> **Try it**:
Write down exactly the lines from the one below that has "Joint Seminar – CQSE, CTP, & CASTS" to the end of the data, both ends included; the pictures should not appear in your copy.

> **Given data**:

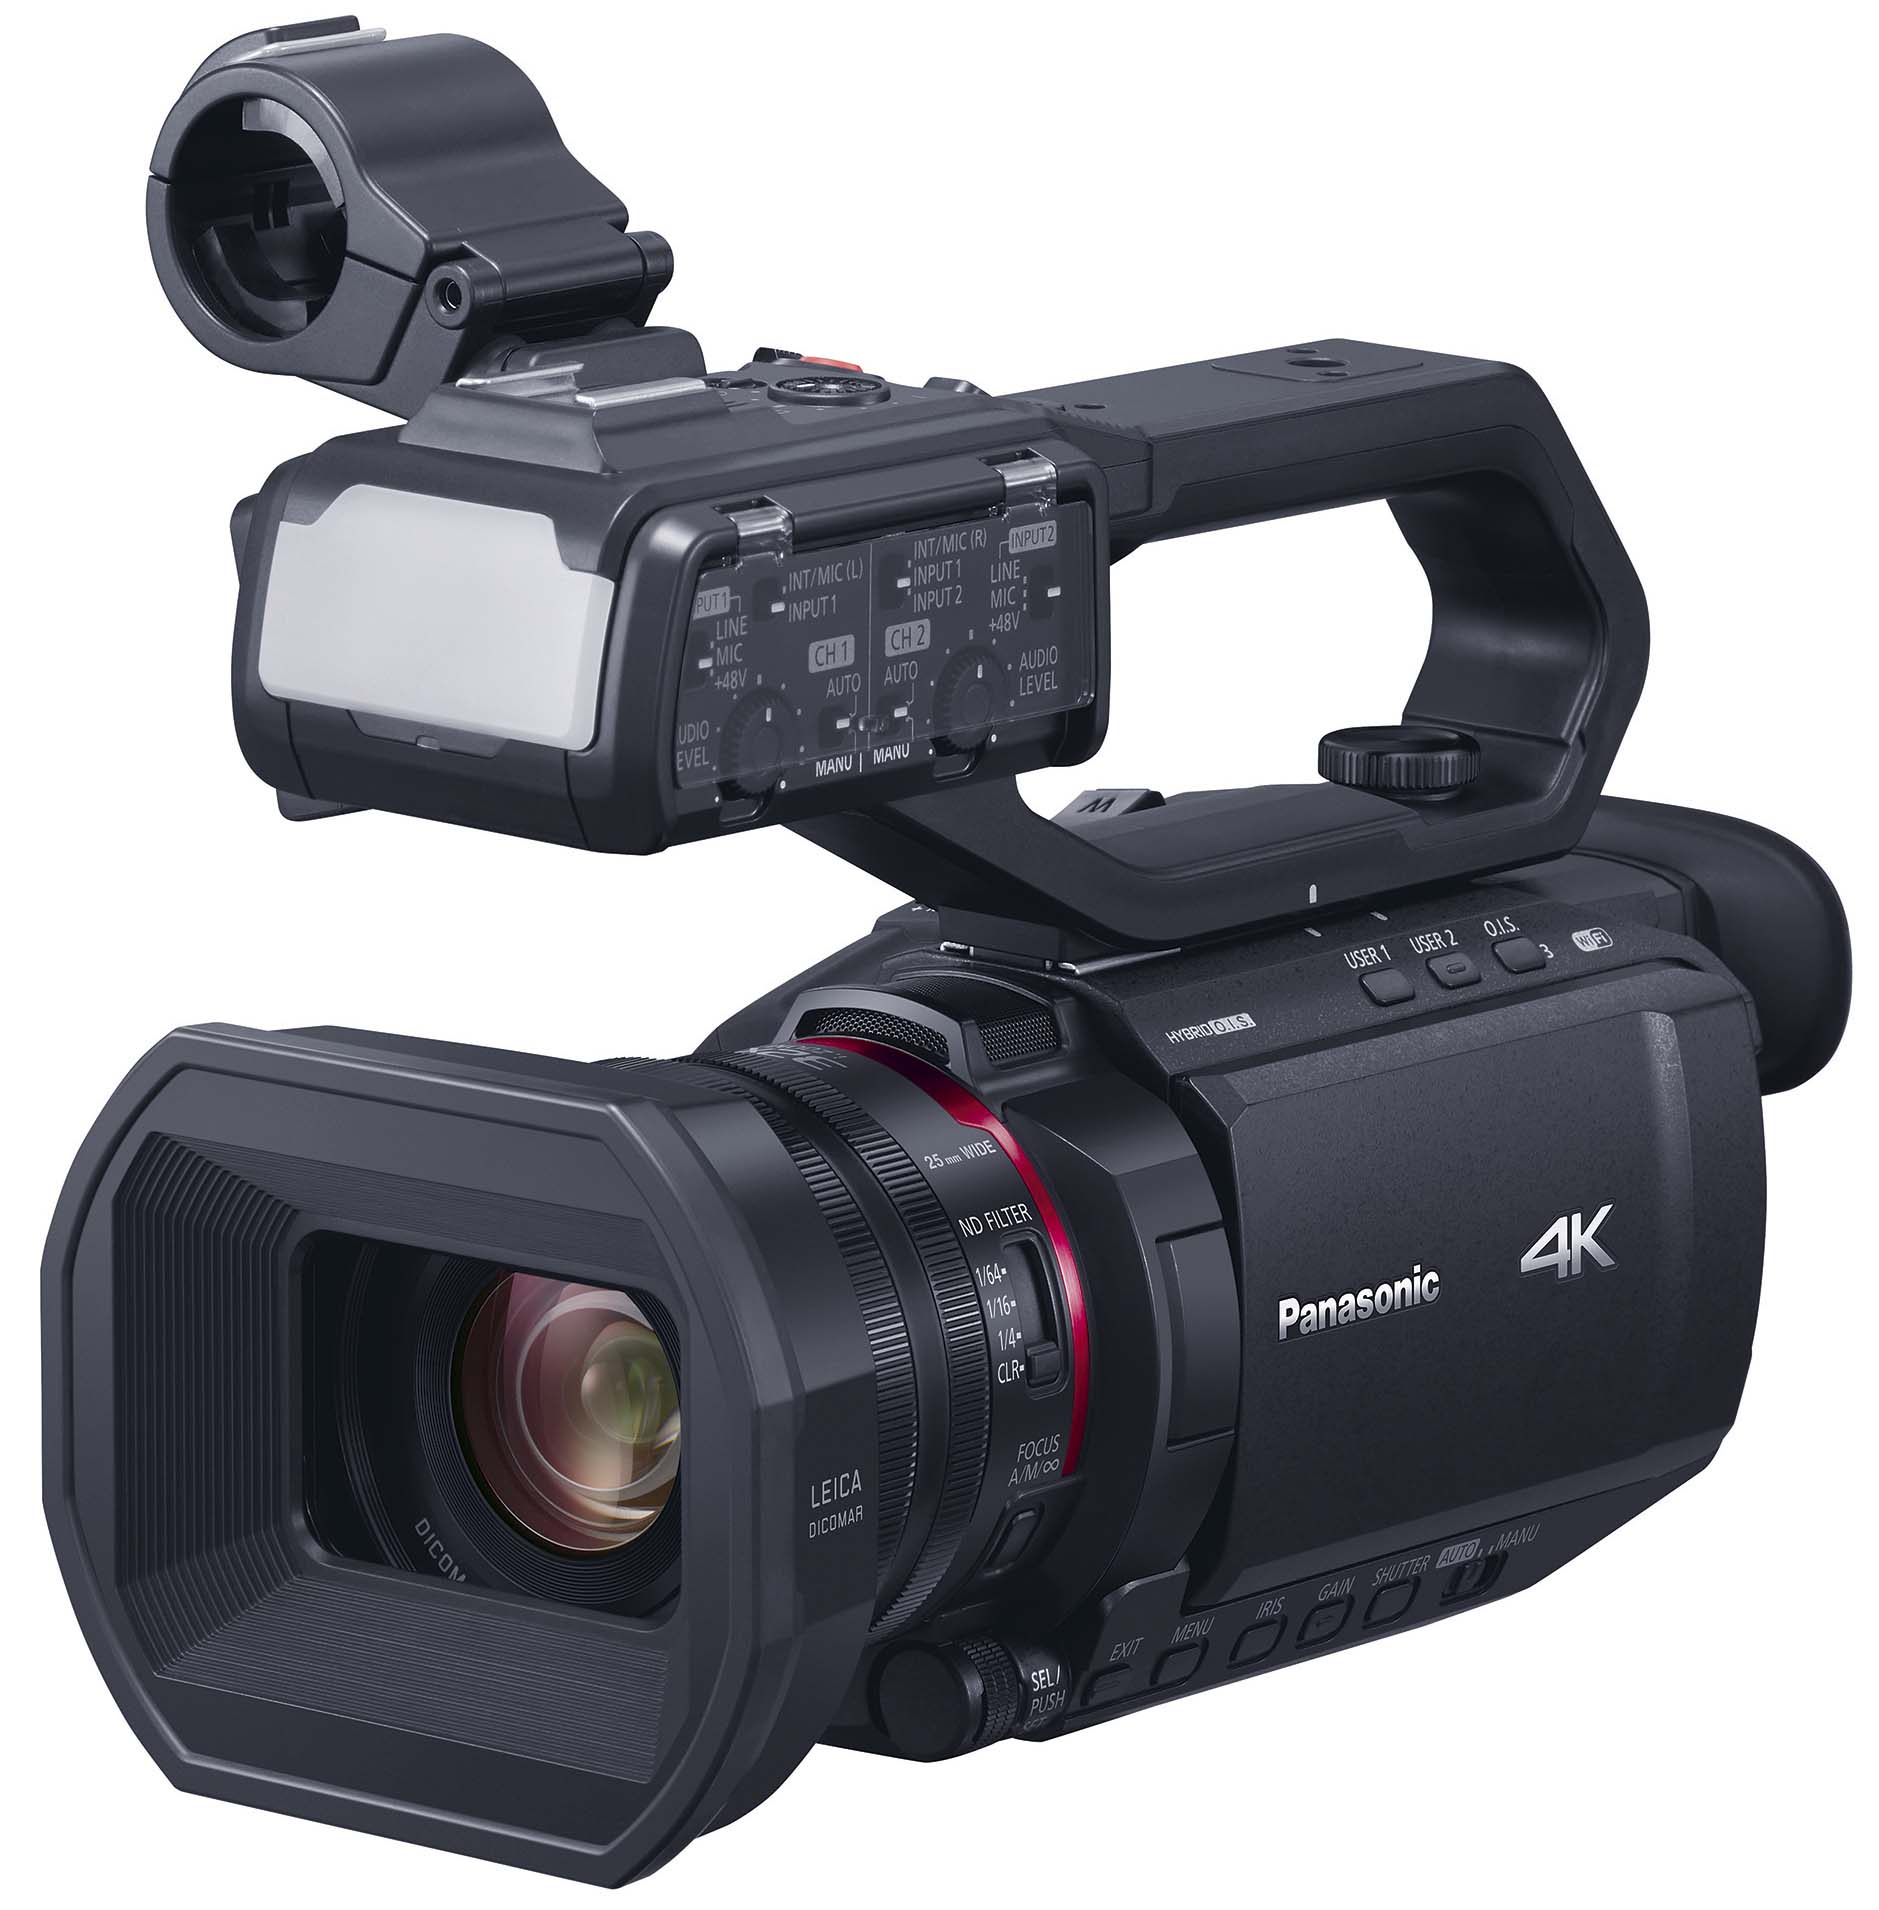 パナソニック、10bit 4K/60p内部記録対応のビデオカメラ2モデルを3月19
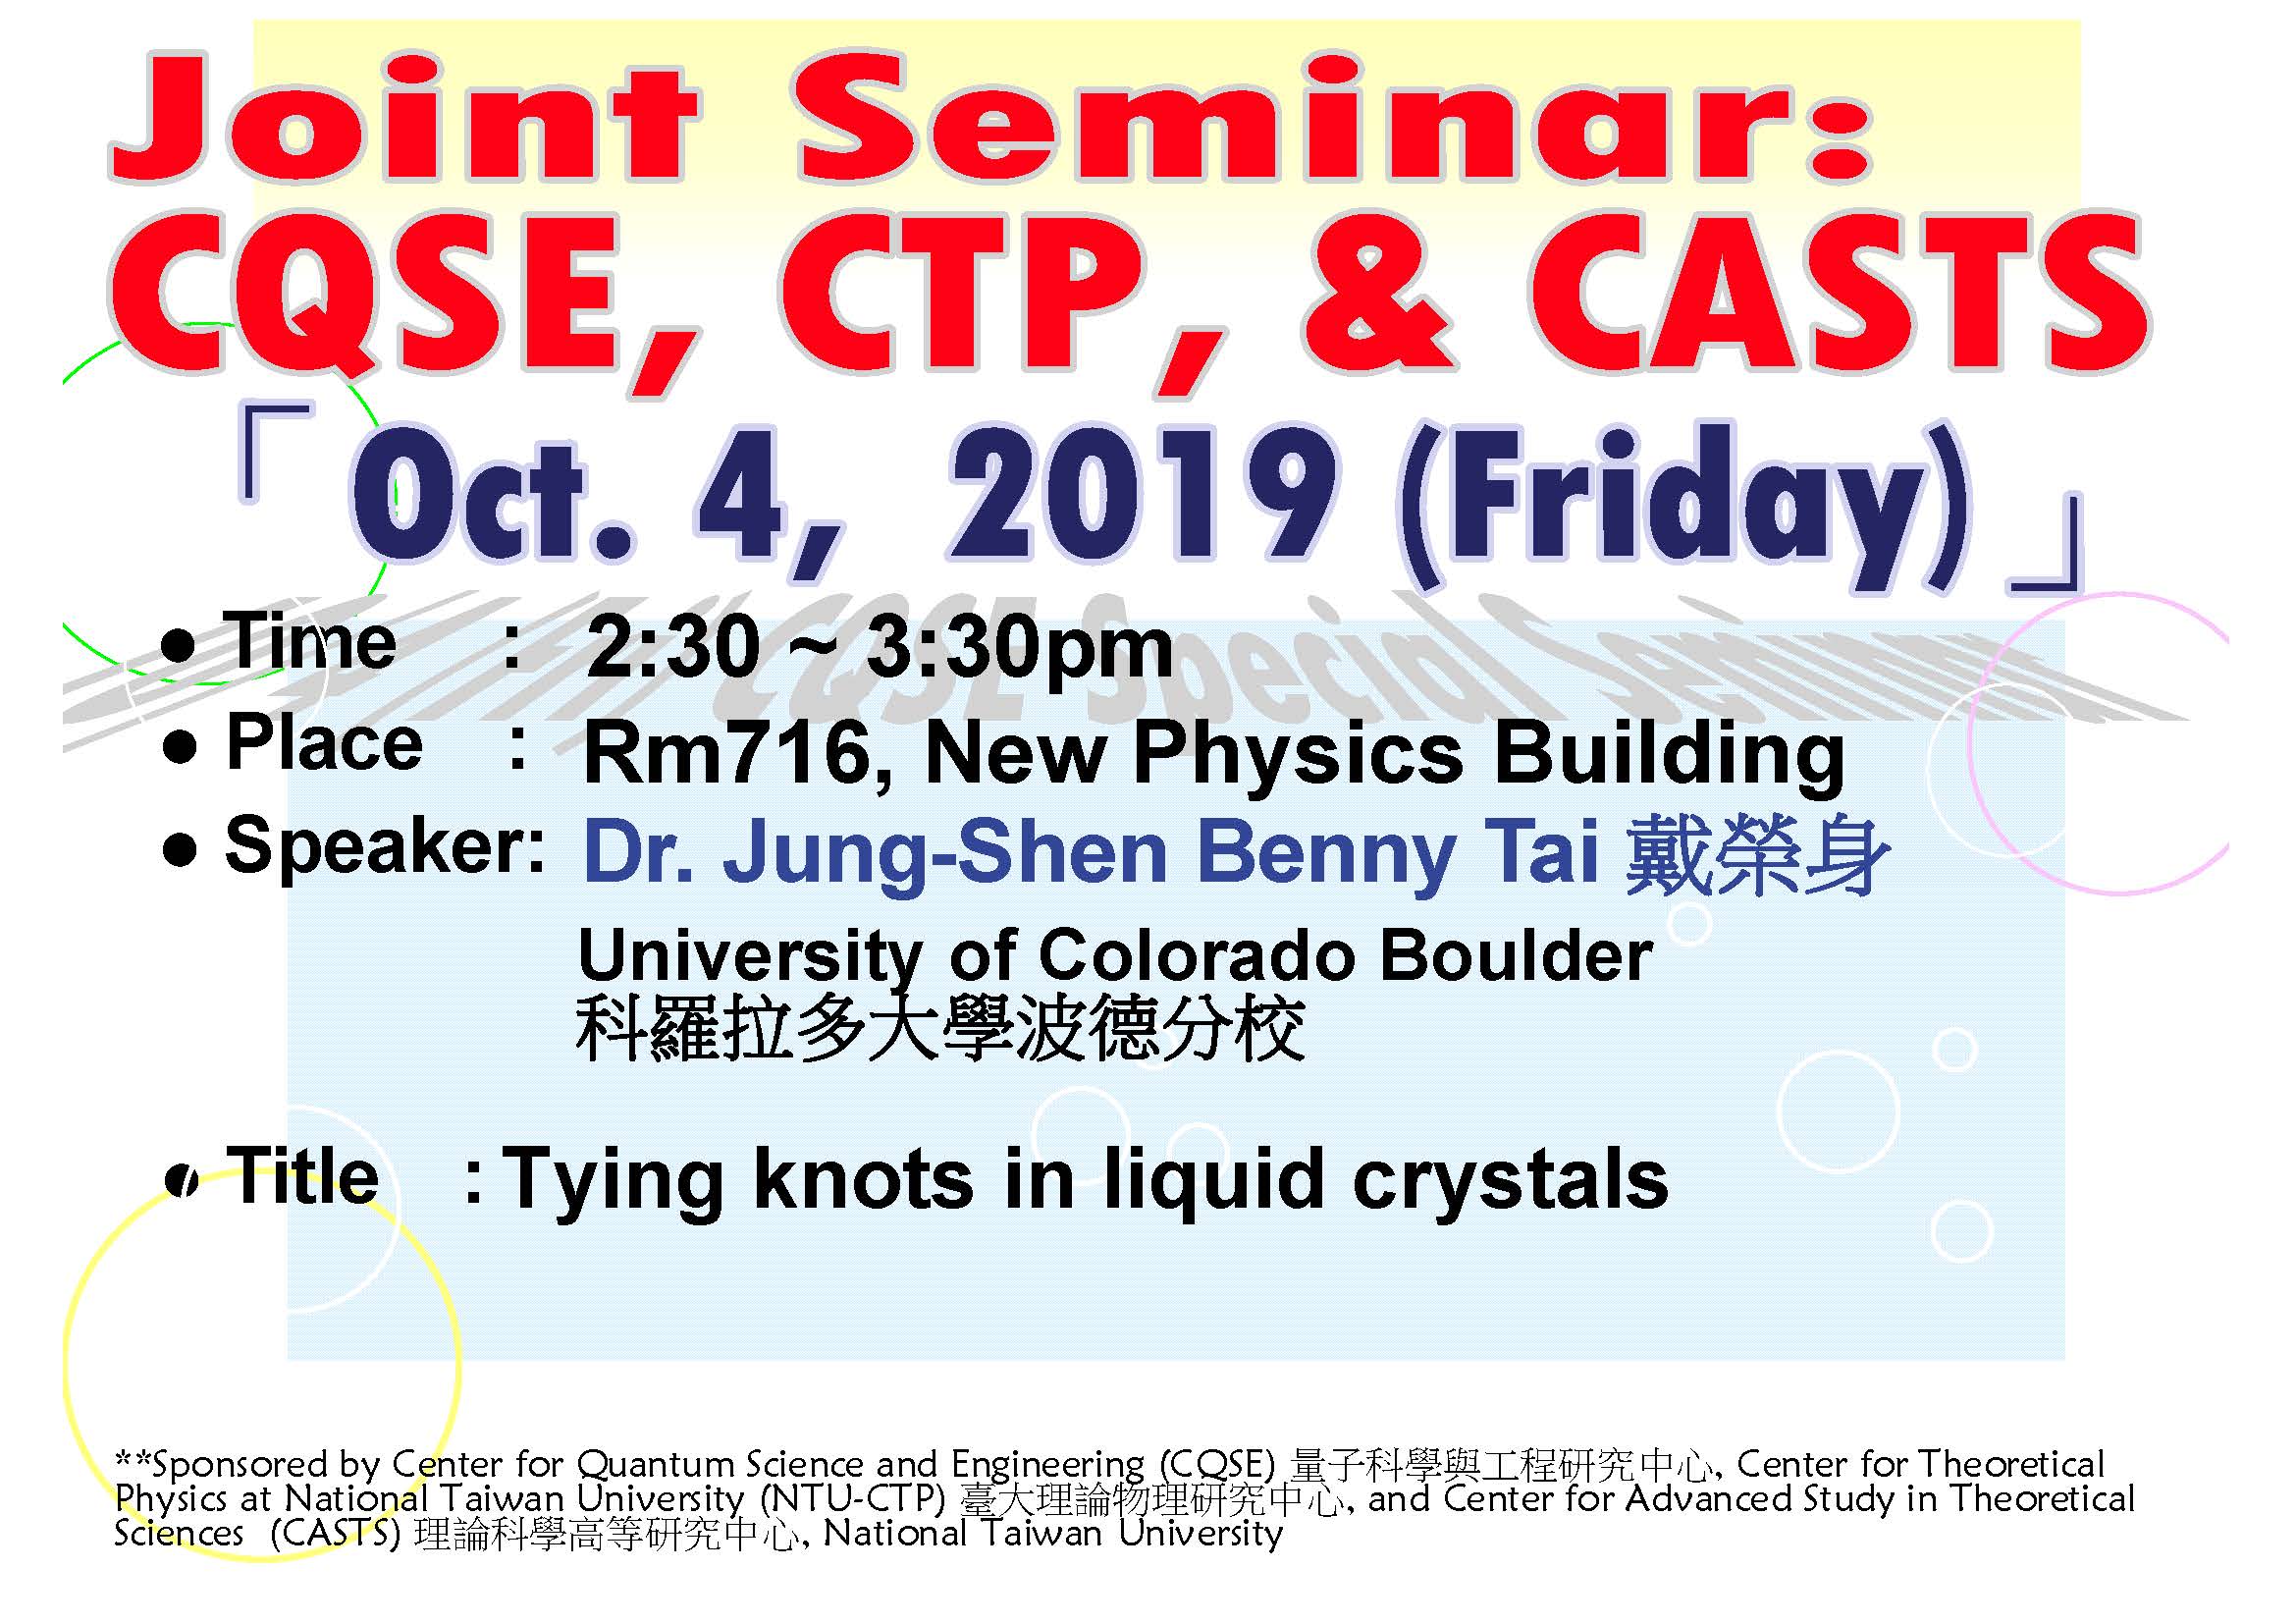 Joint Seminar – CQSE, CTP, & CASTS
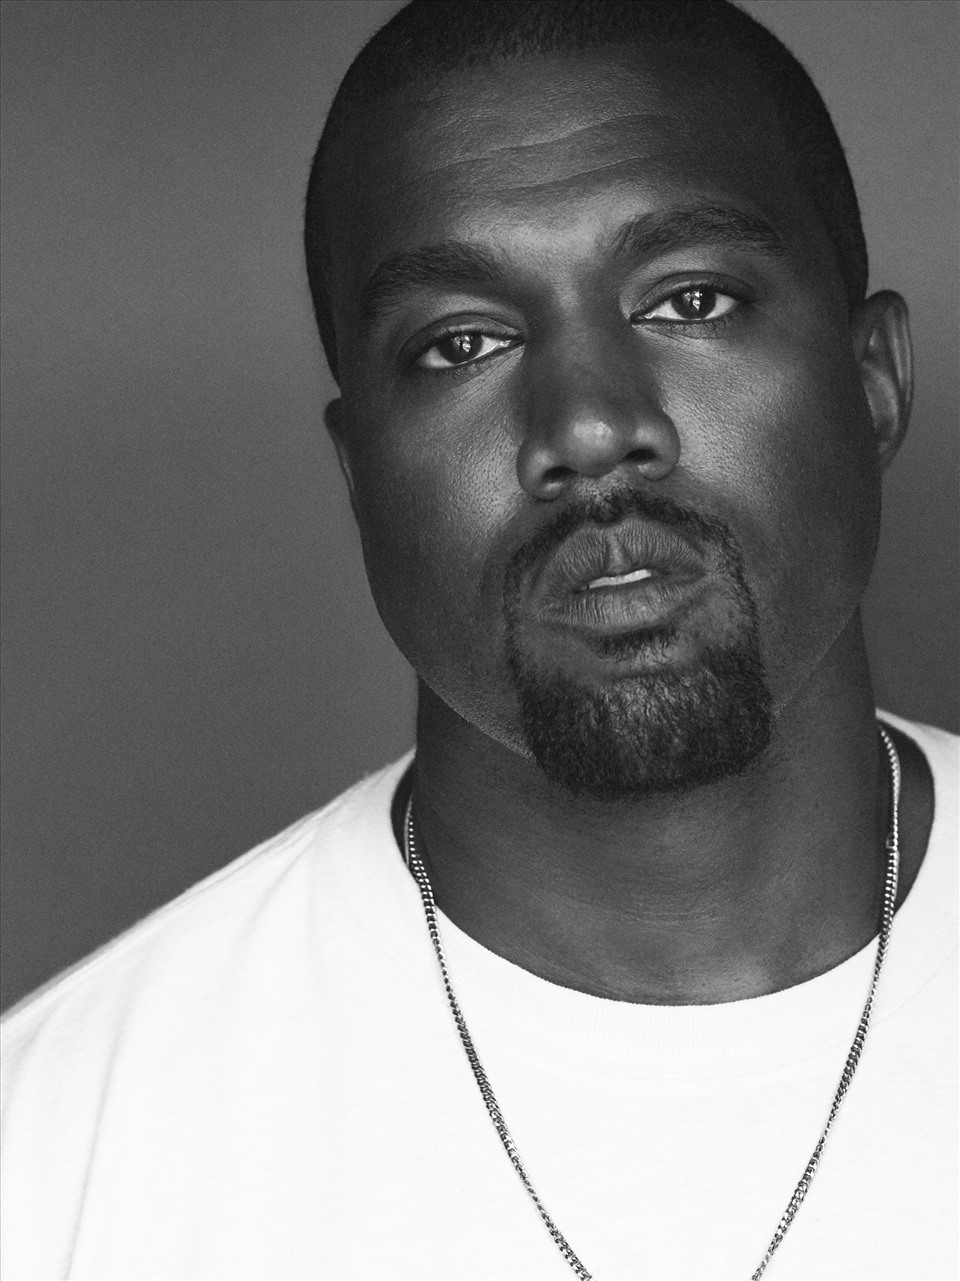 Tỉ phú Kanye West bị đồng nghiệp xa lánh, khán giả tẩy chay vì

> **Task output**:
 Joint Seminar – CQSE, CTP, & CASTS
 Tỉ phú Kanye West bị đồng nghiệp xa lánh, khán giả tẩy chay vì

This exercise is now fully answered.